Inside Claire Saffitz’ life and relationship with her fiancé
Claire Saffitz is an American chef and YouTube personality famous for being part of YouTube’s Bon Appétit. She joined the channel in 2013 and worked as a senior food editor up to August 2018. A few months later, she returned as a freelance recipe developer.
Since February 2019, Claire has featured in the Bon Appétit’s Baking School and Making Perfect. In January 2020, she appeared alongside Jimmy Fallon on a cooking segment on The Tonight Show. Claire’s first book, Dessert Person: Recipes and Guidance for Baking with Confidence, is set to be released in October 2020.
This piece will look at Claire’s relationship with her fiancé and her involvement in Bon Appétit’s racist scandal.
Claire admitted that her fiancé Harris Mayer-Selinger does most of the cooking at home
Claire and her long-time boyfriend Harris got engaged in late 2019. The pair lives together in the Upper West Side of New York City.
Over the years, Claire has proved that she is an exceptional chef. However, at home, she takes a step back and allows her chef fiancé to do most of the cooking. She wrote on Grub Street, “We moved in together last summer and I relocated from Carroll Gardens to the Upper West Side. As a former chef, he has a much different concept of ‘home cooking’ than I do. Fortunately, he cooks for us a lot.”
Claire apologized for facilitating the racist inequality at Bon Appétit
In early June 2020, Bon Appétit became the subject of media attention after an offensive photo of former editor-in-chief Adam Rapoport surfaced. The photo sparked a conversation about the rampant inequality at Bon Appétit.
Claire responded to the controversy by admitting that she was complicit in facilitating the inequality at the famed establishment. However, she added that there were aspects of inequality that she had missed. Claire proceeded to express regret that she didn’t use her status and platform to push fight the injustice.

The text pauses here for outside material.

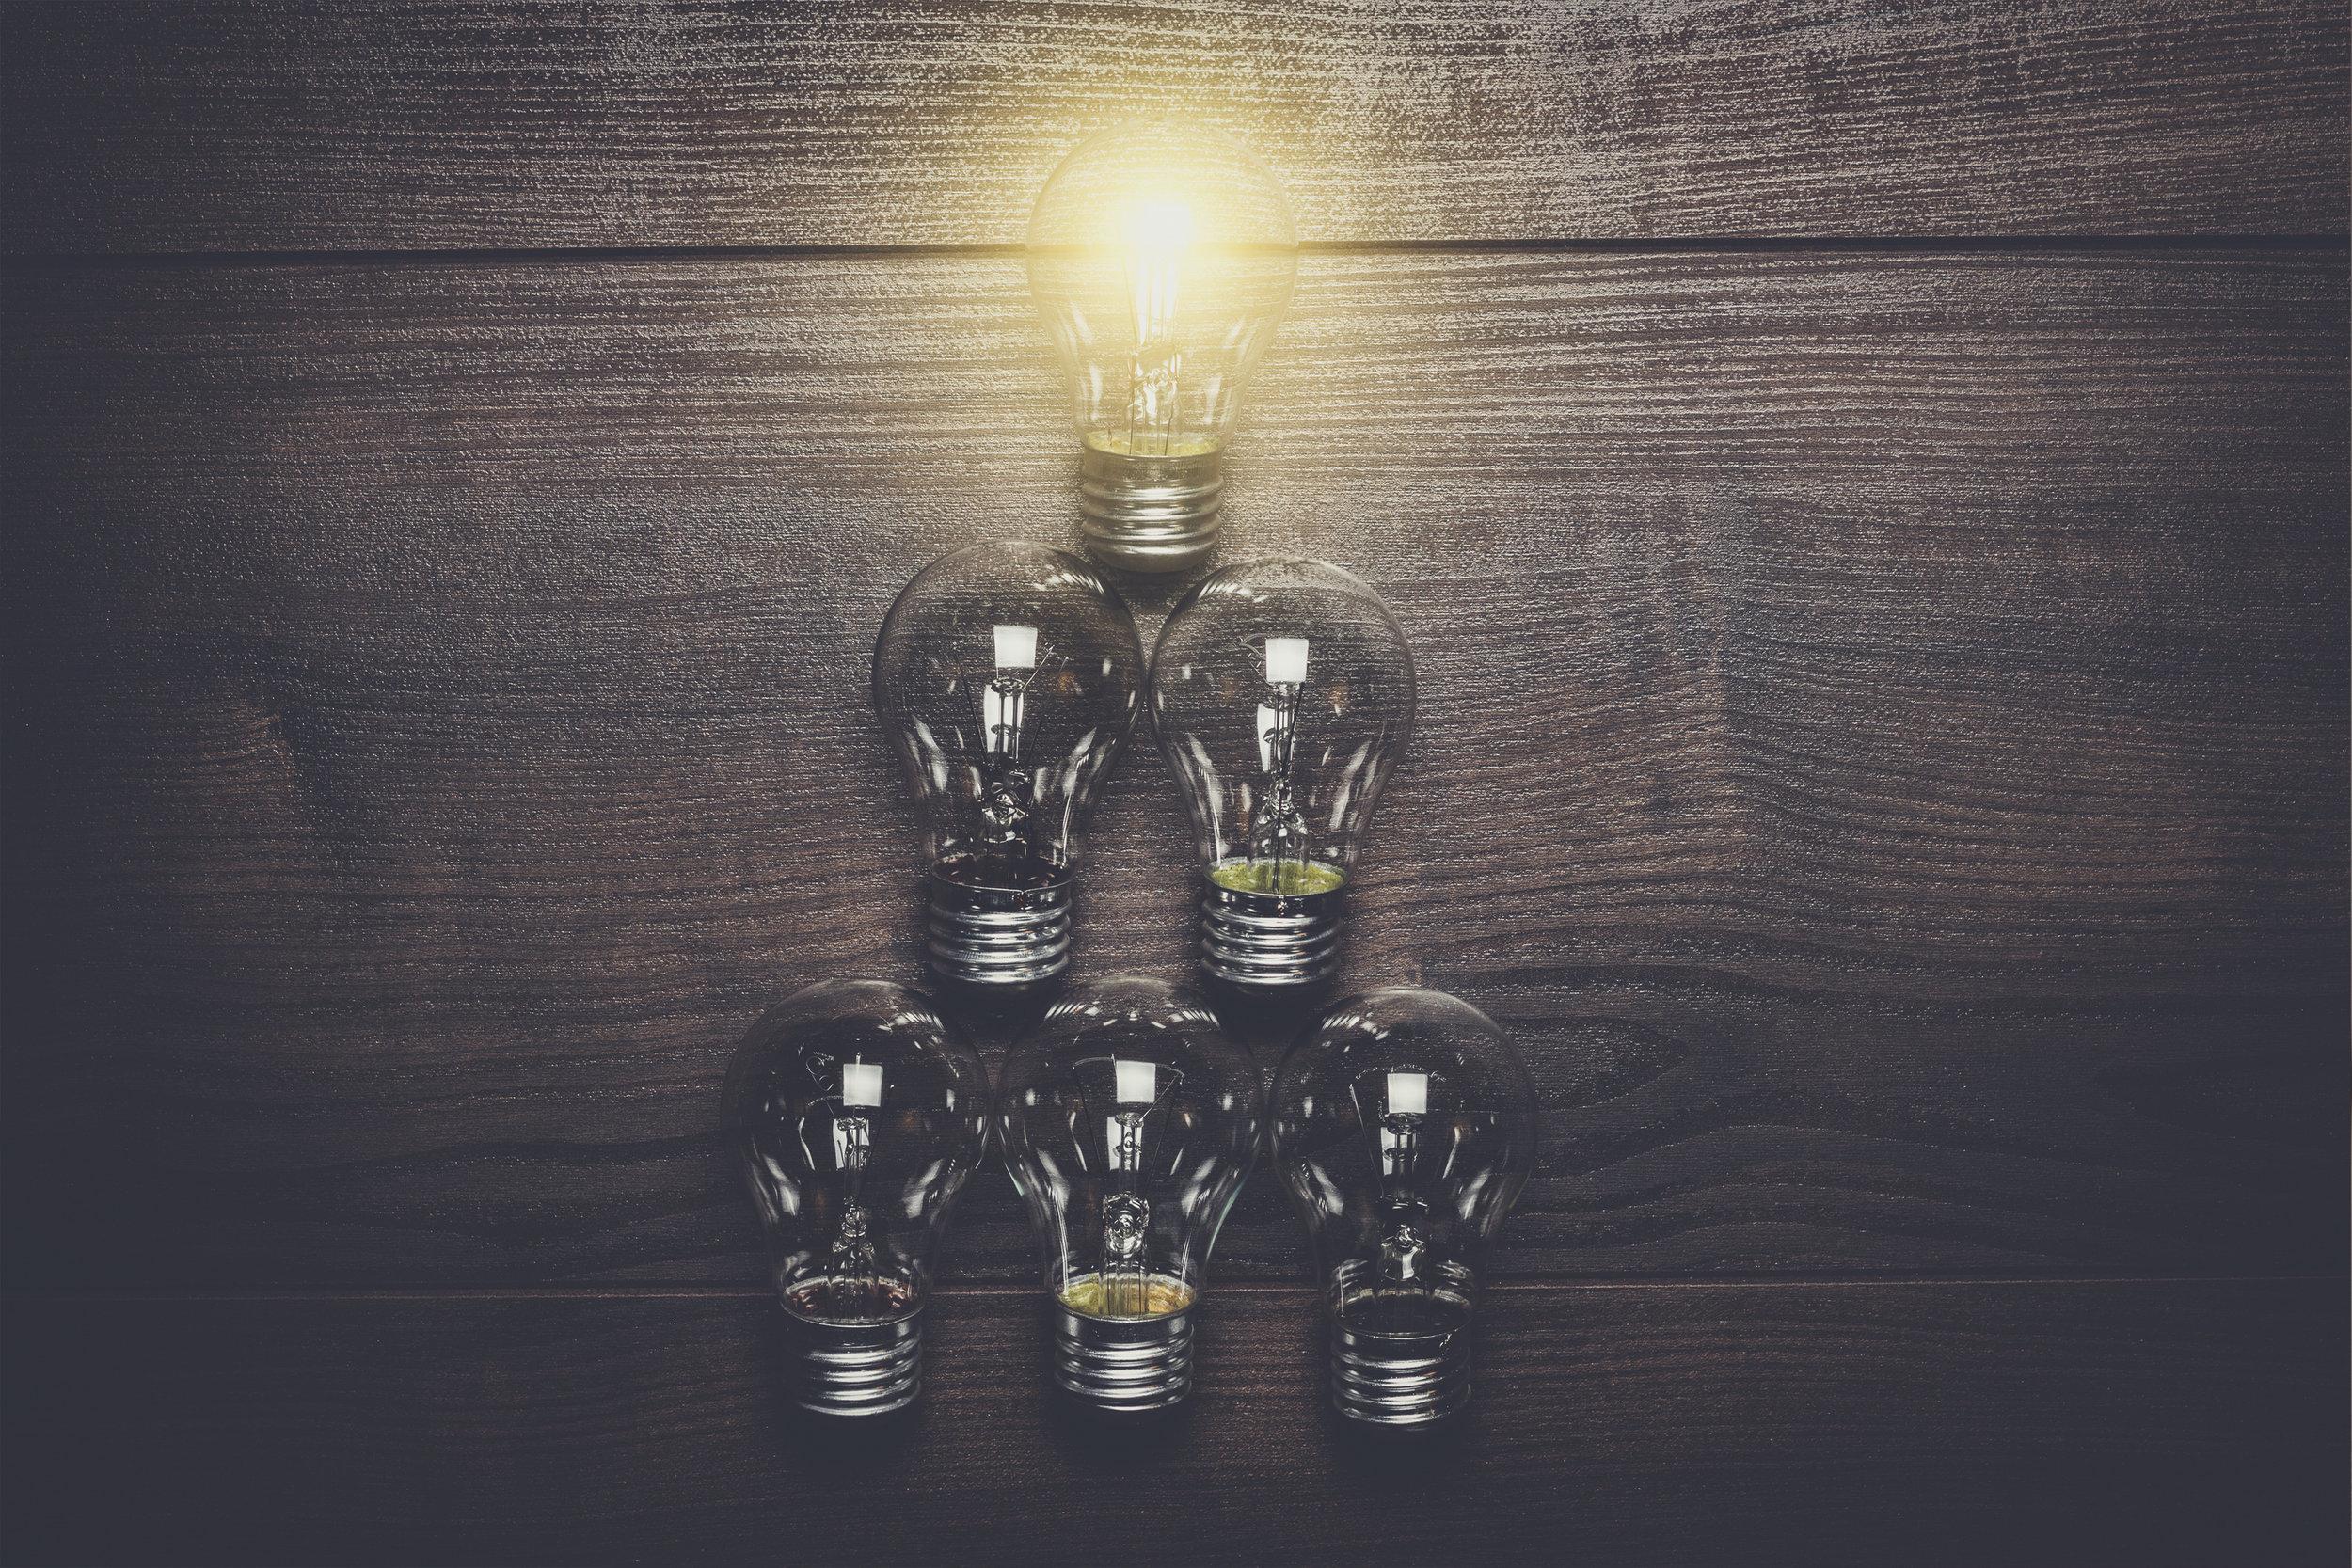 glowing-bulb-leadership-concept-on-wooden-P3EM87M.jpg

“As a freelance video host, I exempted myself from action,” Claire wrote. She added that she was committed to ending inequality in any way she could. She added:
“I feel deeply shitty about this, but I know that my feelings are not important at this moment. What is important is how I do the work of repair – how I make amends, show up in this industry, and move forward in a different way… I only hope that through sustained learning/ unlearning/ relearning I can better show up for people I deeply respect, and eventually earn their respect as an ally.”